◆ **What to do**
When you reach the line below that has "St. Norbert College Sports Information", start returning lines exactly, and stop after the line that has "U.S. soldier eating"; skip the pictures.

*** Data for this task Section Begins ***

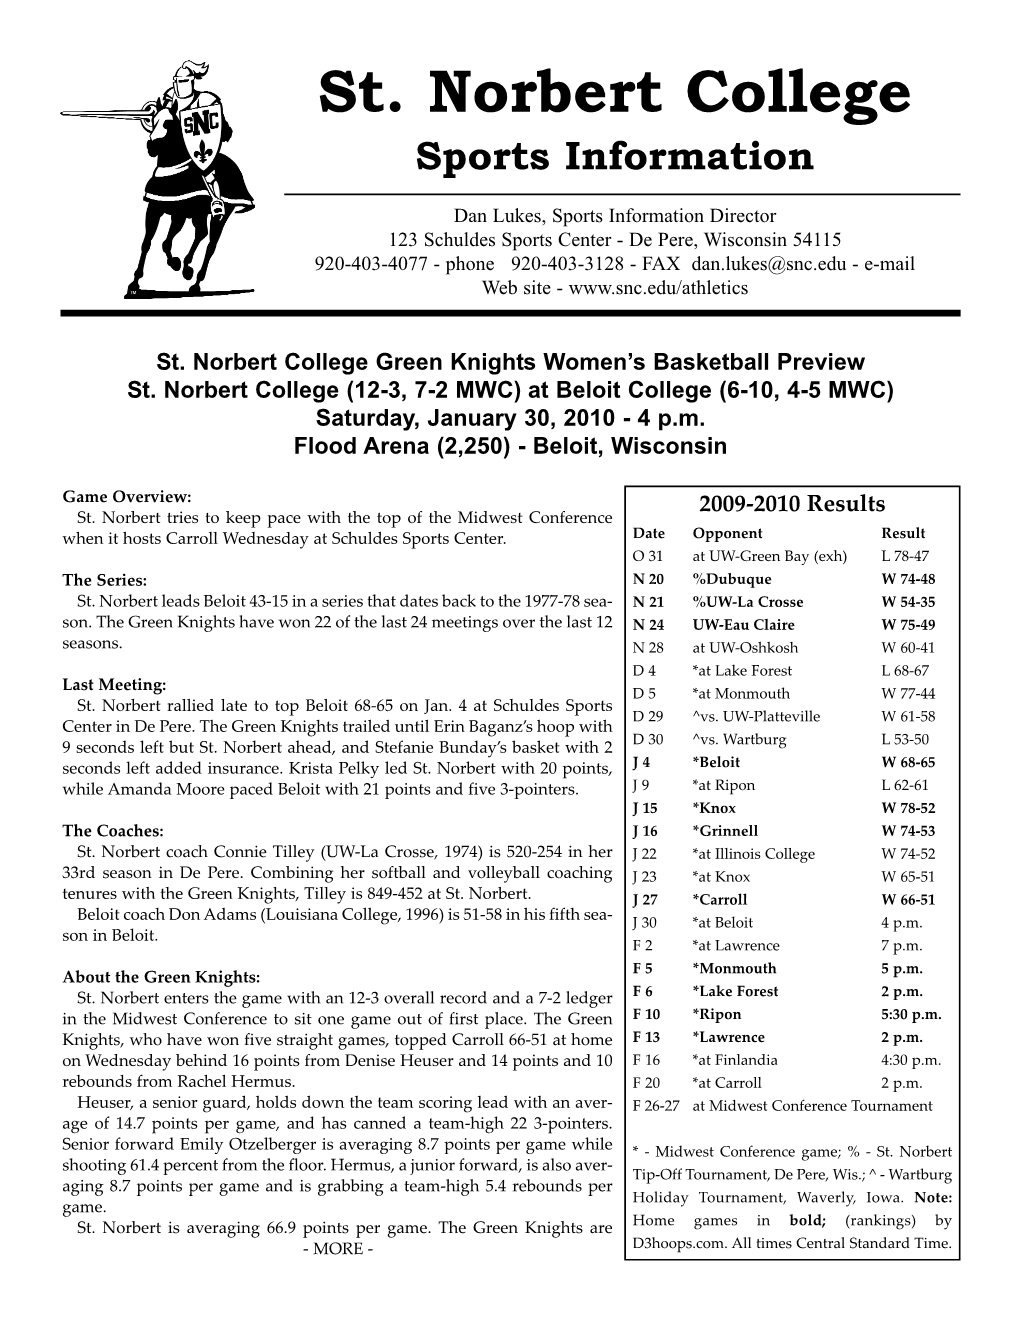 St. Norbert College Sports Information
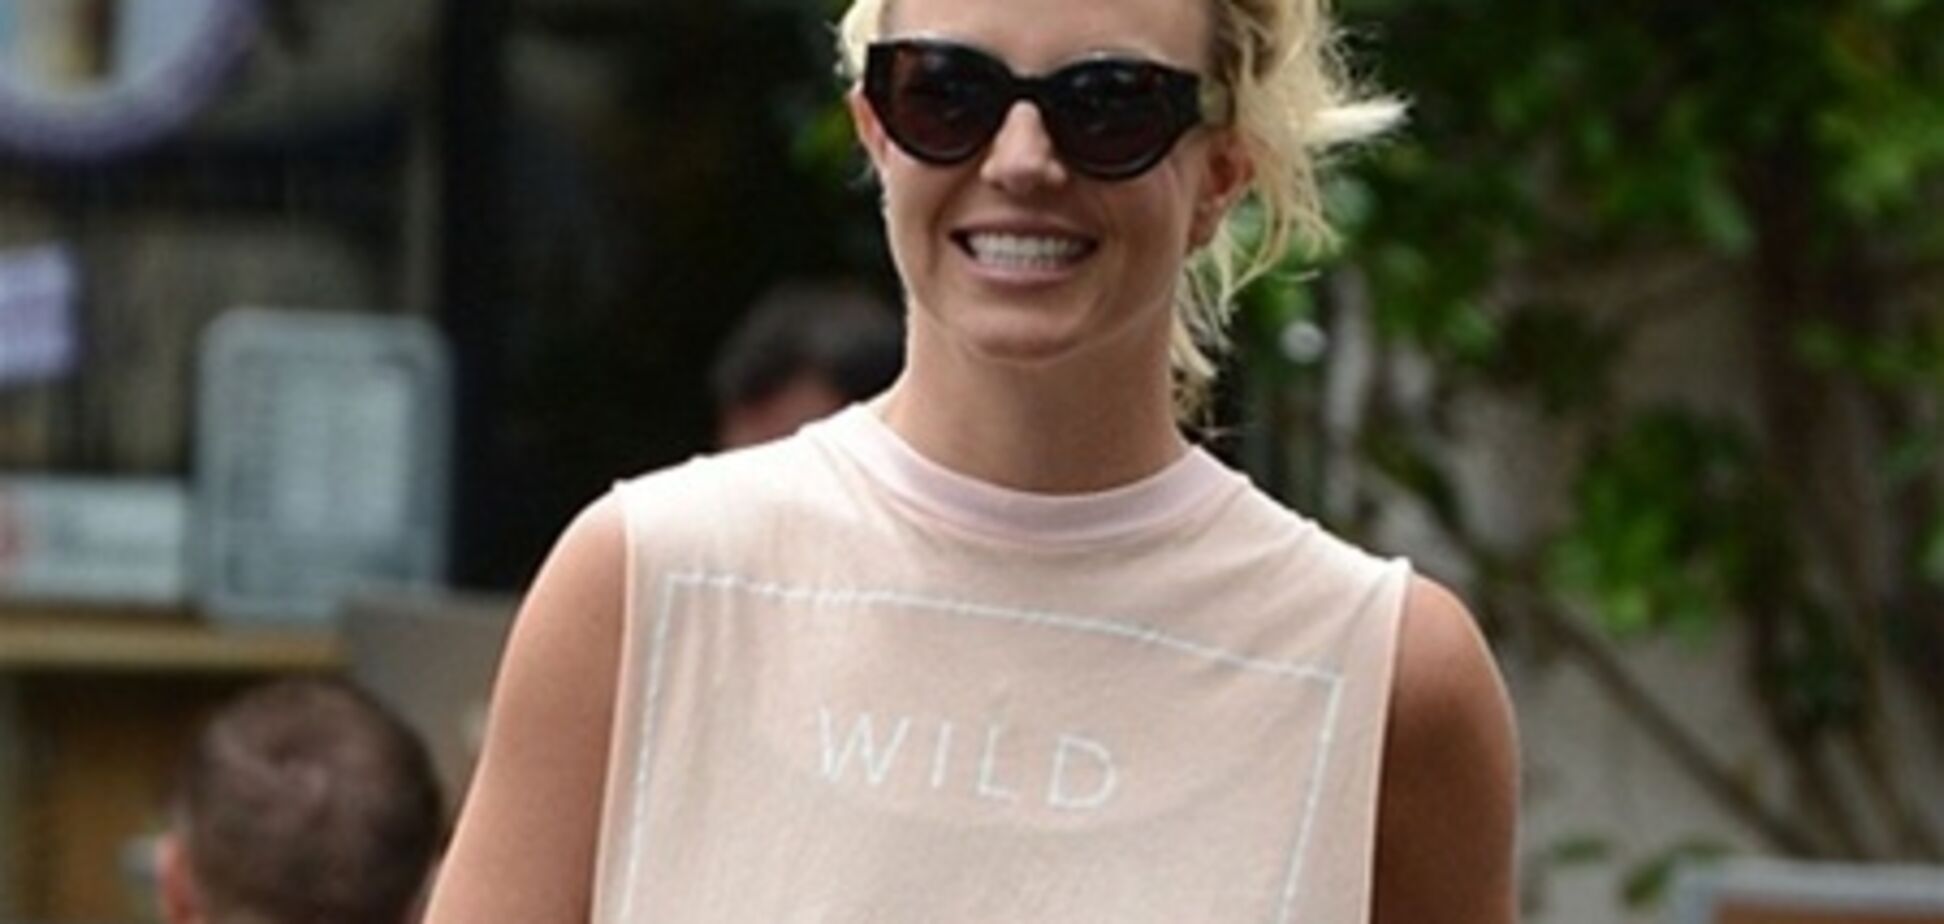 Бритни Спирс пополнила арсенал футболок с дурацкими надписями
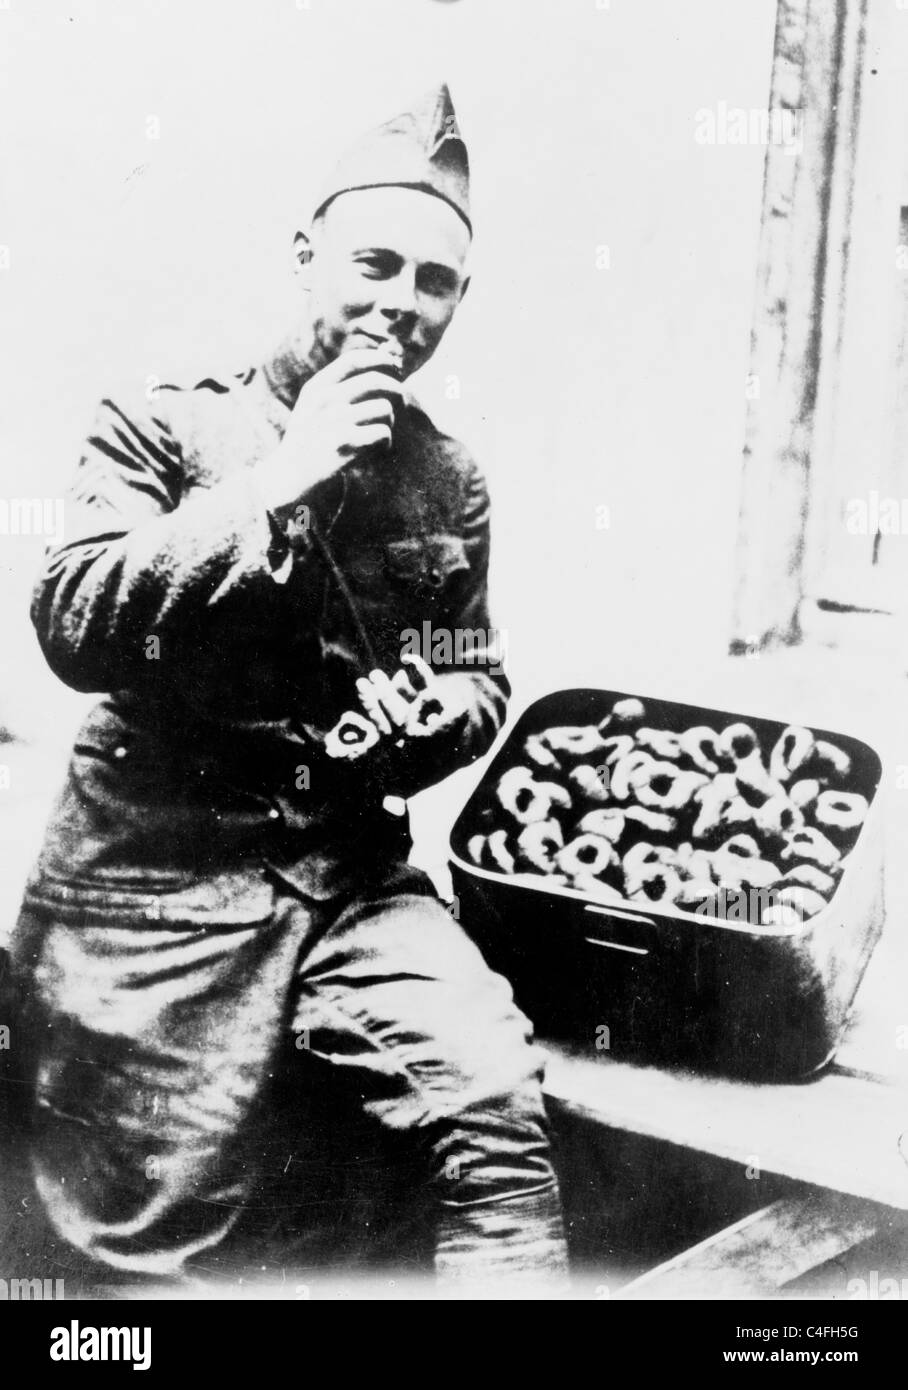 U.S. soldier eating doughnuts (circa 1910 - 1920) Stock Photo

*** Data for this task Section Ends ***
*** Data for this task Section Begins ***

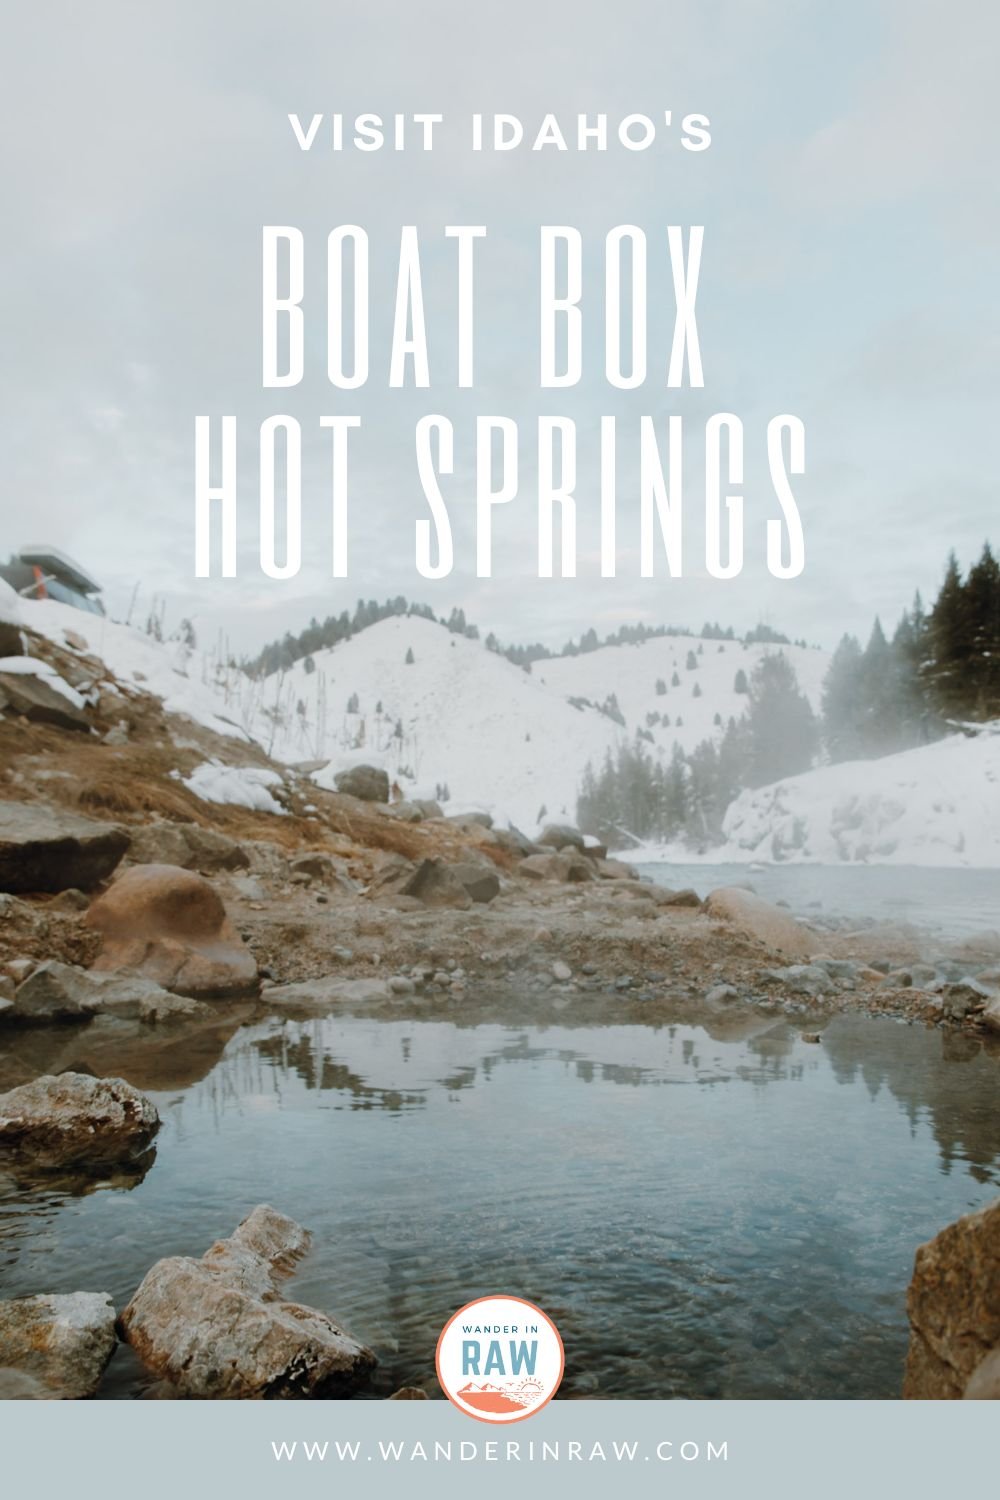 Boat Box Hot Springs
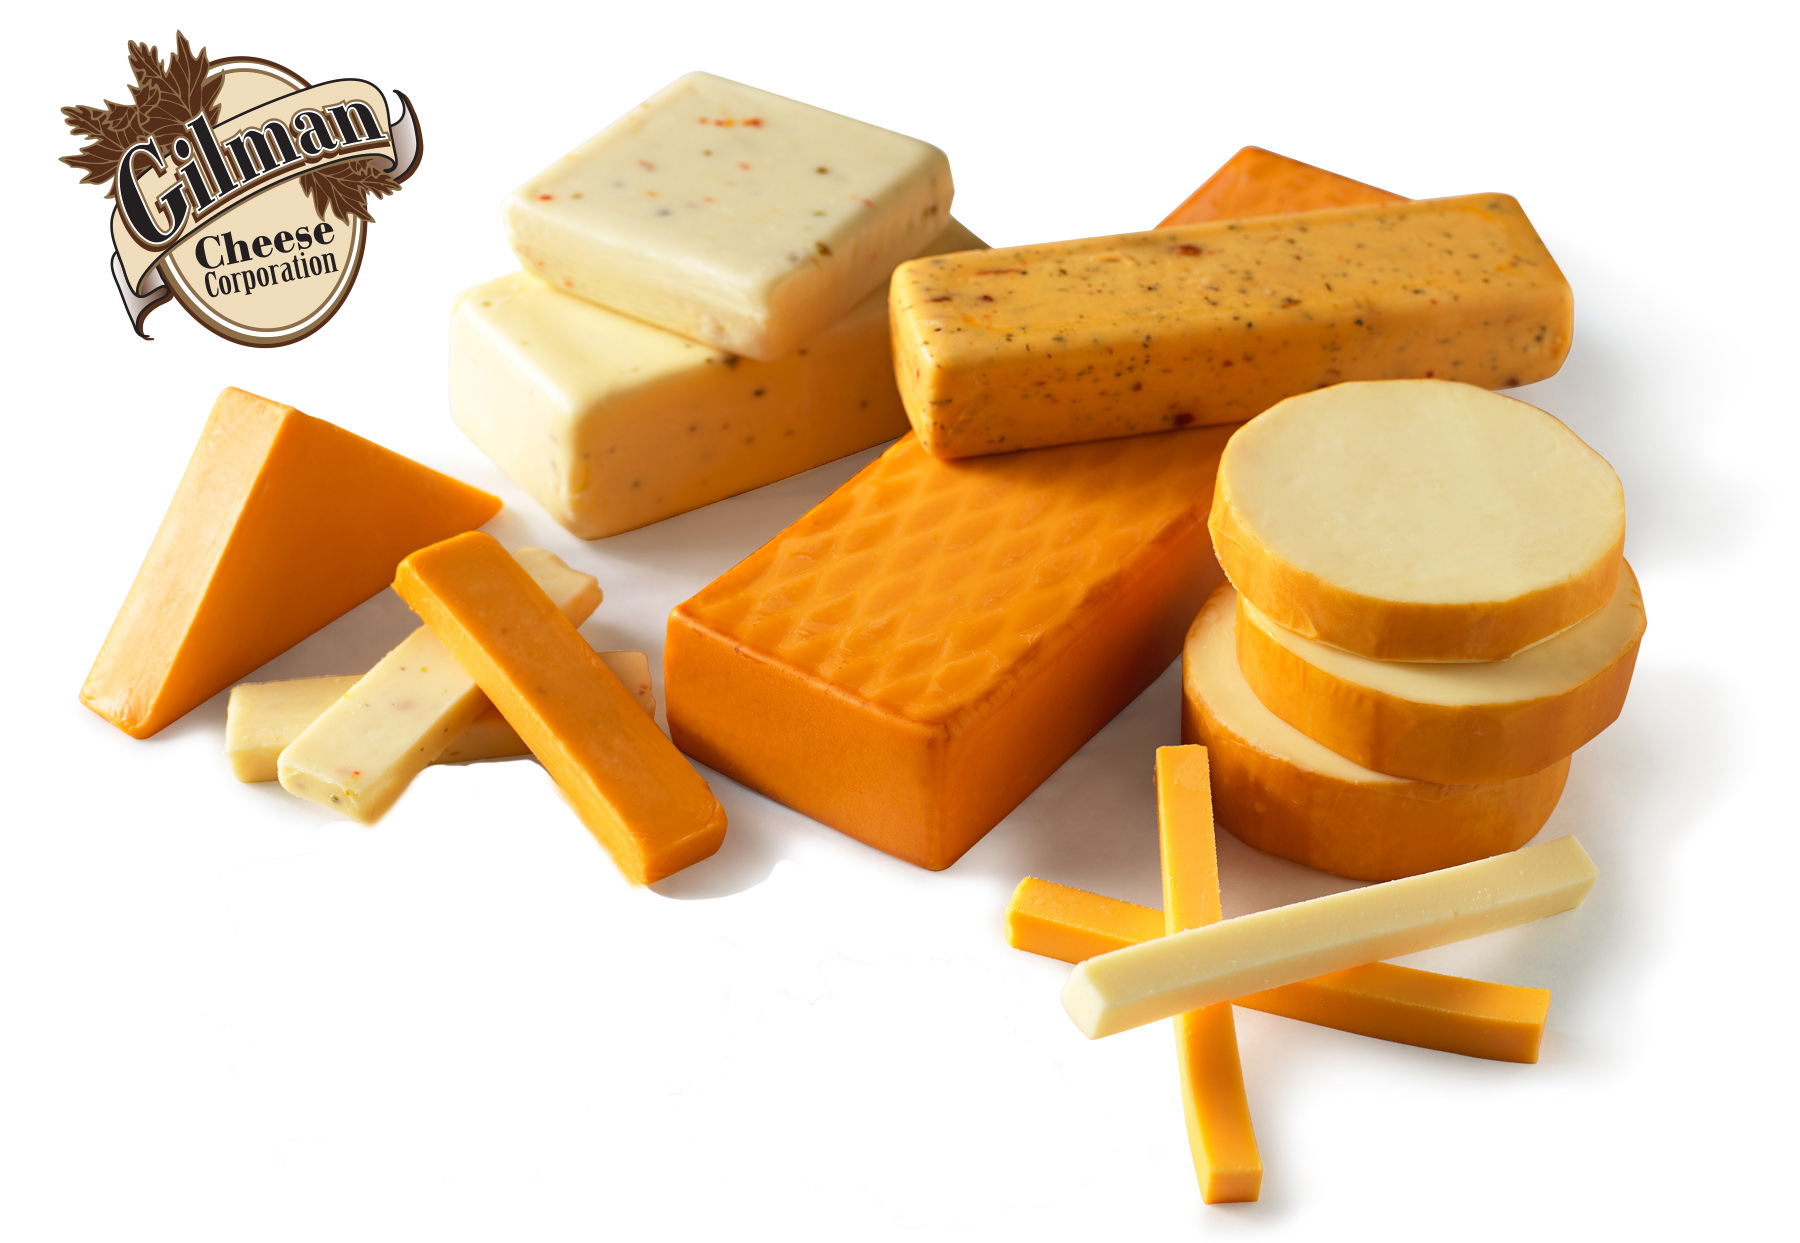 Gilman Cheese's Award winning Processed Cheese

*** Data for this task Section Ends ***

◆ **Response area**
 St. Norbert College Sports Information
 Бритни Спирс пополнила арсенал футболок с дурацкими надписями
 U.S. soldier eating doughnuts (circa 1910 - 1920) Stock Photo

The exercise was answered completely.